Big Bibles & High Flying Flags – or the presence of Jesus?

Sometimes, when I go to the movies, I can’t tell the film’s name 24 hours later.   It’s all gone: plot, players, why I bothered to spend $11 to sit in a dark room for two hours.  There are those few, though, that affected me so profoundly that, even now, 26 years later, I can still remember where I was when, unexpected, “The Mission” reshaped my soul.

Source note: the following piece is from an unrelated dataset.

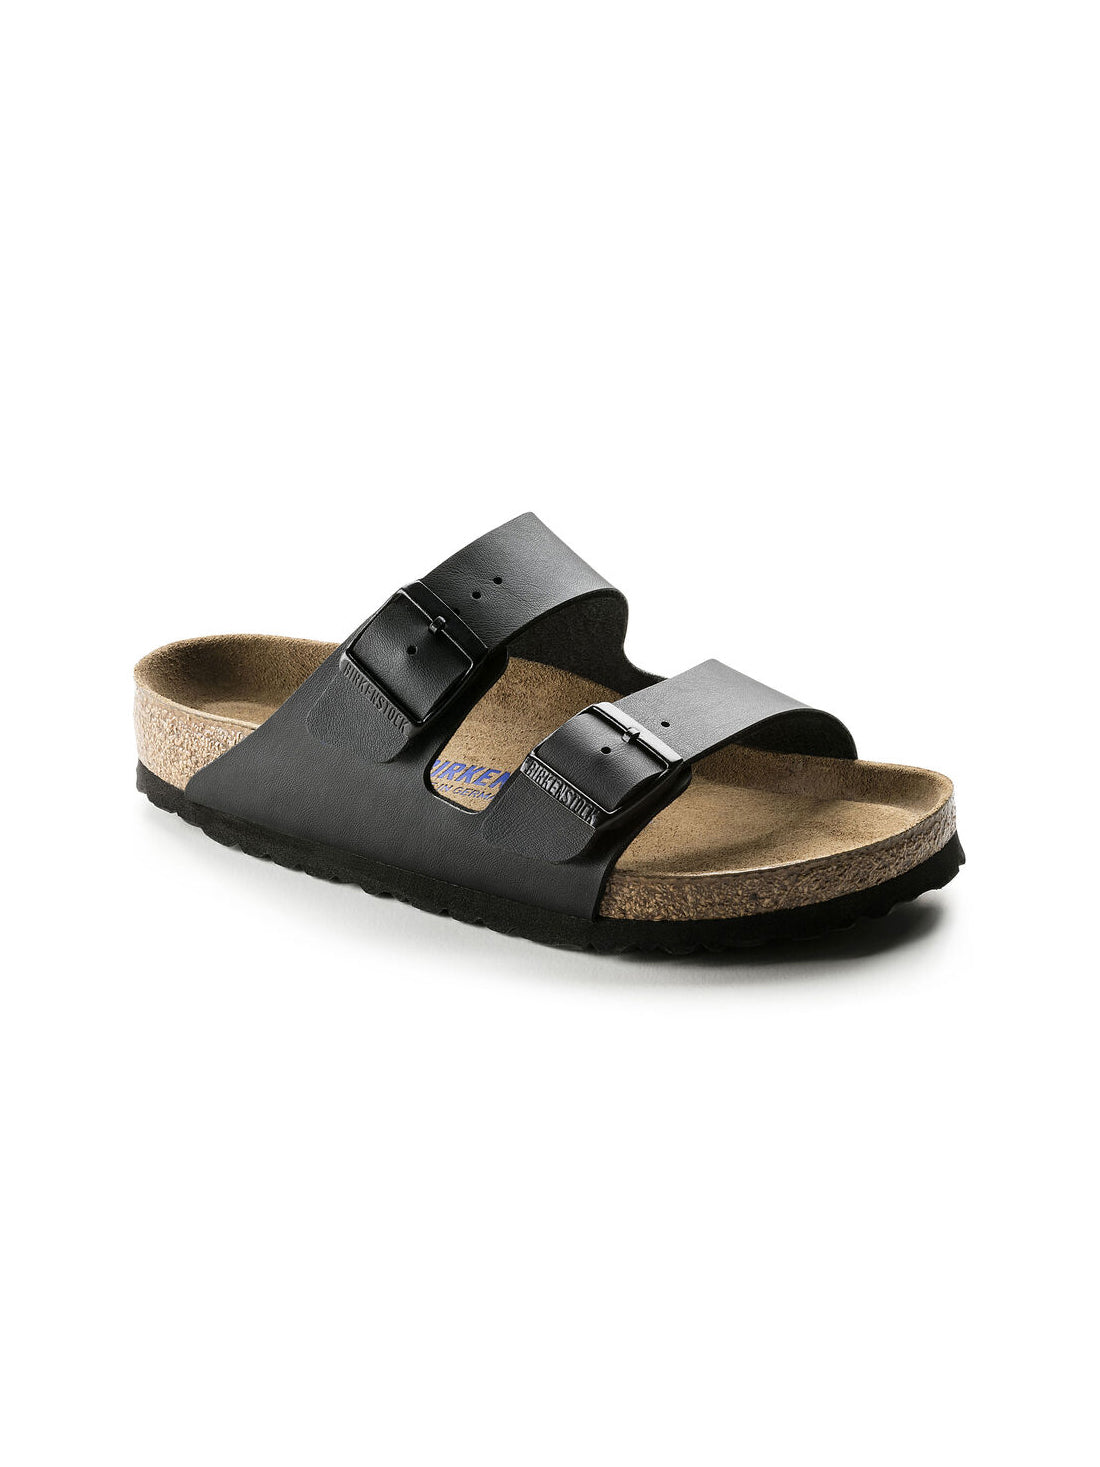 birkenstock arizona soft footbed sandal in birko-flor black regular

Having grown up in a conservative Christian home, I’d learned, by other names, notions of American Exceptionalism, and that white guys always wore white hats because we always had the moral high ground by claiming that, whatever our cause, God was on our side.  That movie, so brilliantly crafted, began plowing the soul of my heart, chipping away at all those hardened assumptions.  A more thorough reading of church history furthered the process, and the Christianity’s rethinking of mission planted new seeds, so that now I can see, with greater clarity, some truths that we desperately need to recover if we’re to recover our real calling of making Christ visible in the world:

1. “Church” as institution has insidious dangers in it. The most powerful scene in the mission is that one where the church authorities come to Jeremy Irons, the local missionary evangelist who has intertwined his life with a tribe, loving them, serving them, pointing them to Christ.  The authorities tell him that both he and the people must leave the land (because there are resources that Europe needs for their economy, and this tribe, on this their own land, stands in the way).

“Tell them they must leave”, the authority says.

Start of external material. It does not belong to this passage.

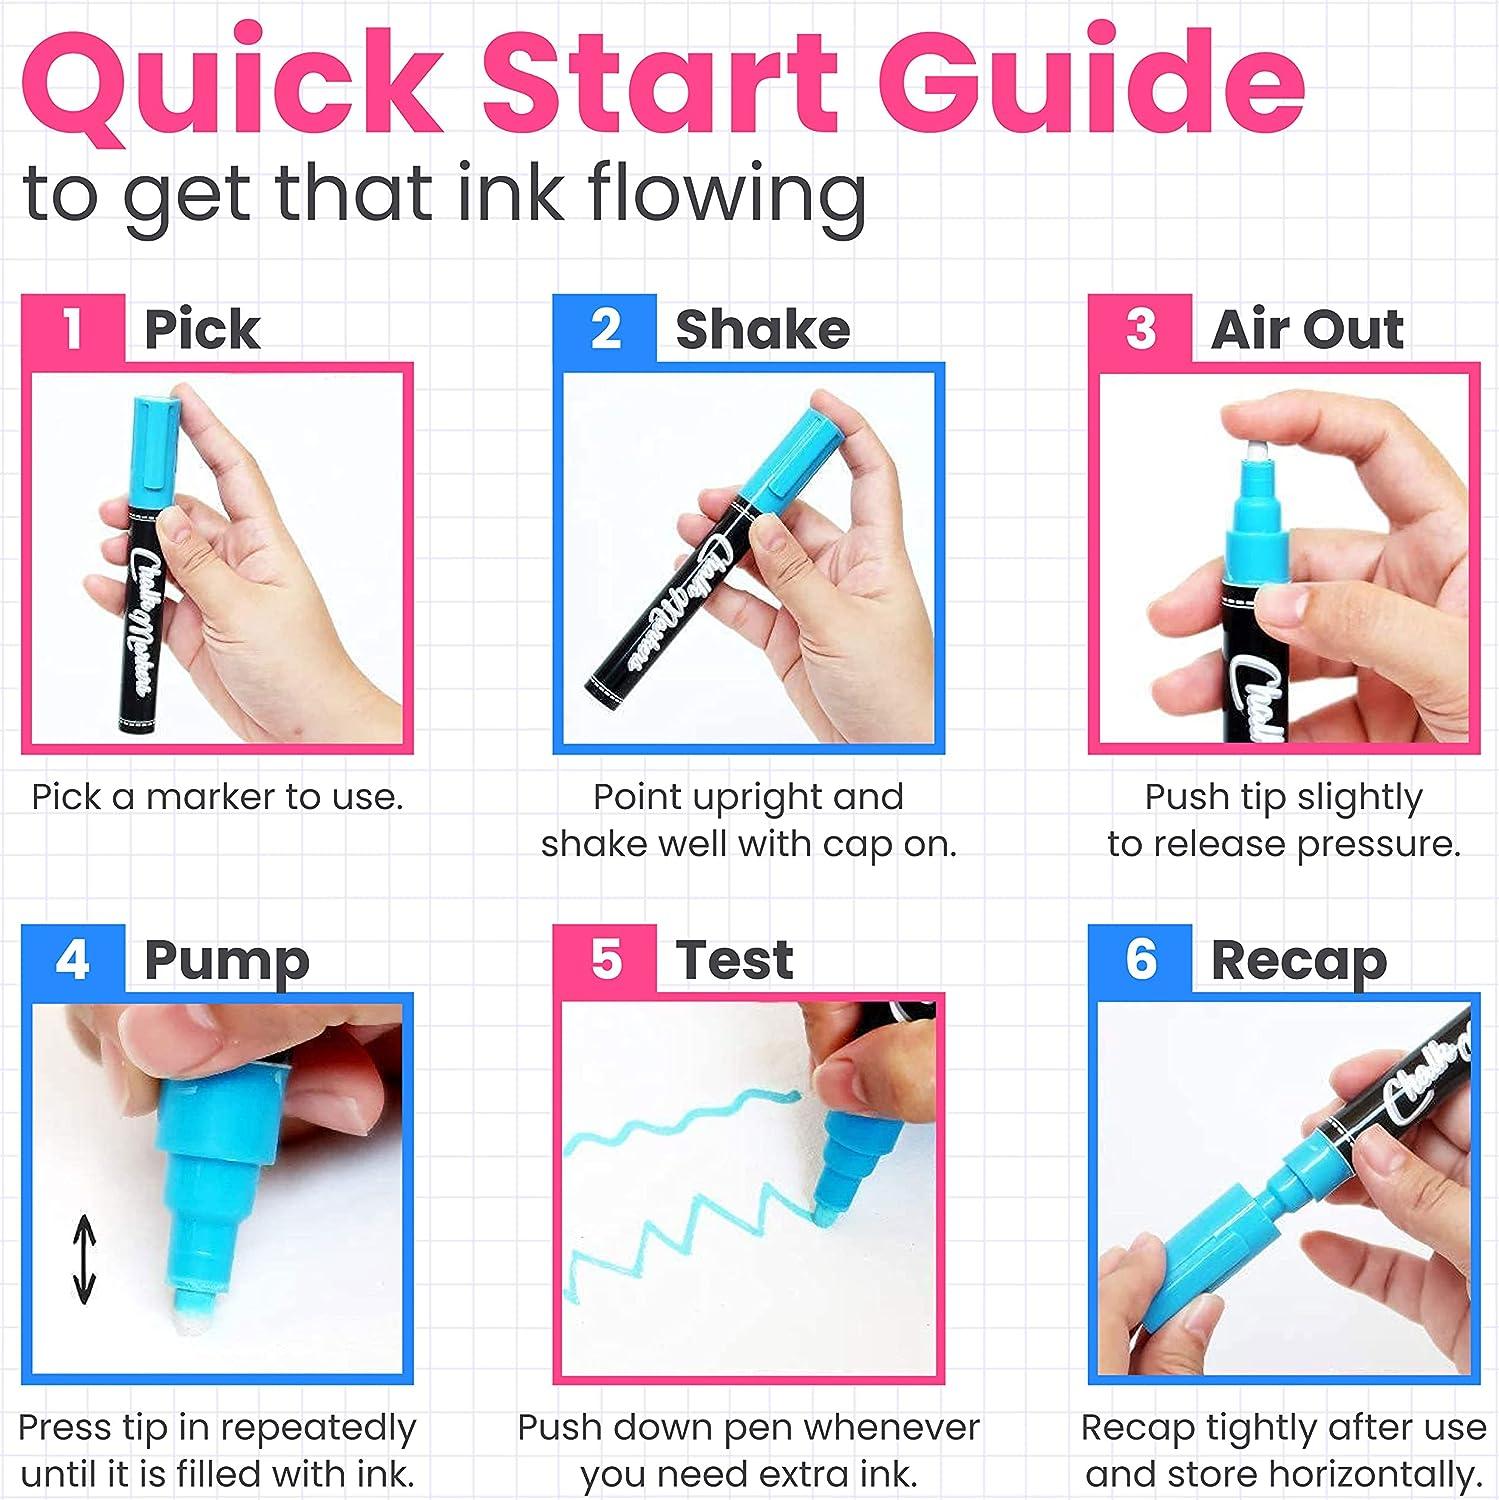 Easy Finger Painting Idea for Beginners - Chalkola - Chalkola Art Supply

In a short and powerful dialogue, the priest responds by saying that they don’t want to leave, that this is their home, that they’re afraid of the forest.  When the church authorities threaten not only war, but the loss of salvation if the people resist relocation, Jeremy Irons tells him that their not leaving and, holding  a child in his arms, that he’s not leaving either.

The choice the priest made was between the kingdom of God, dressed in the clothes of poverty and simplicity, and the powers of the world dressed in the wealth and fear wielding of a power hungry church.  It’s tempting to think of “the world” as that which happens out on the streets, or in crack houses, or maybe if you’re really liberal, in board rooms somewhere.  But 26 years ago it began to dawn on me that perhaps the most dangerous form of worldliness all is the ambition and lust for power that can easily hide behind big Bibles and high flying flags.  The idols of nationalism and institutional religion are both bad.  Together, they’re a toxic cocktail.  That’s why I resist any attempts to align Christianity with any single party, or denomination, or church.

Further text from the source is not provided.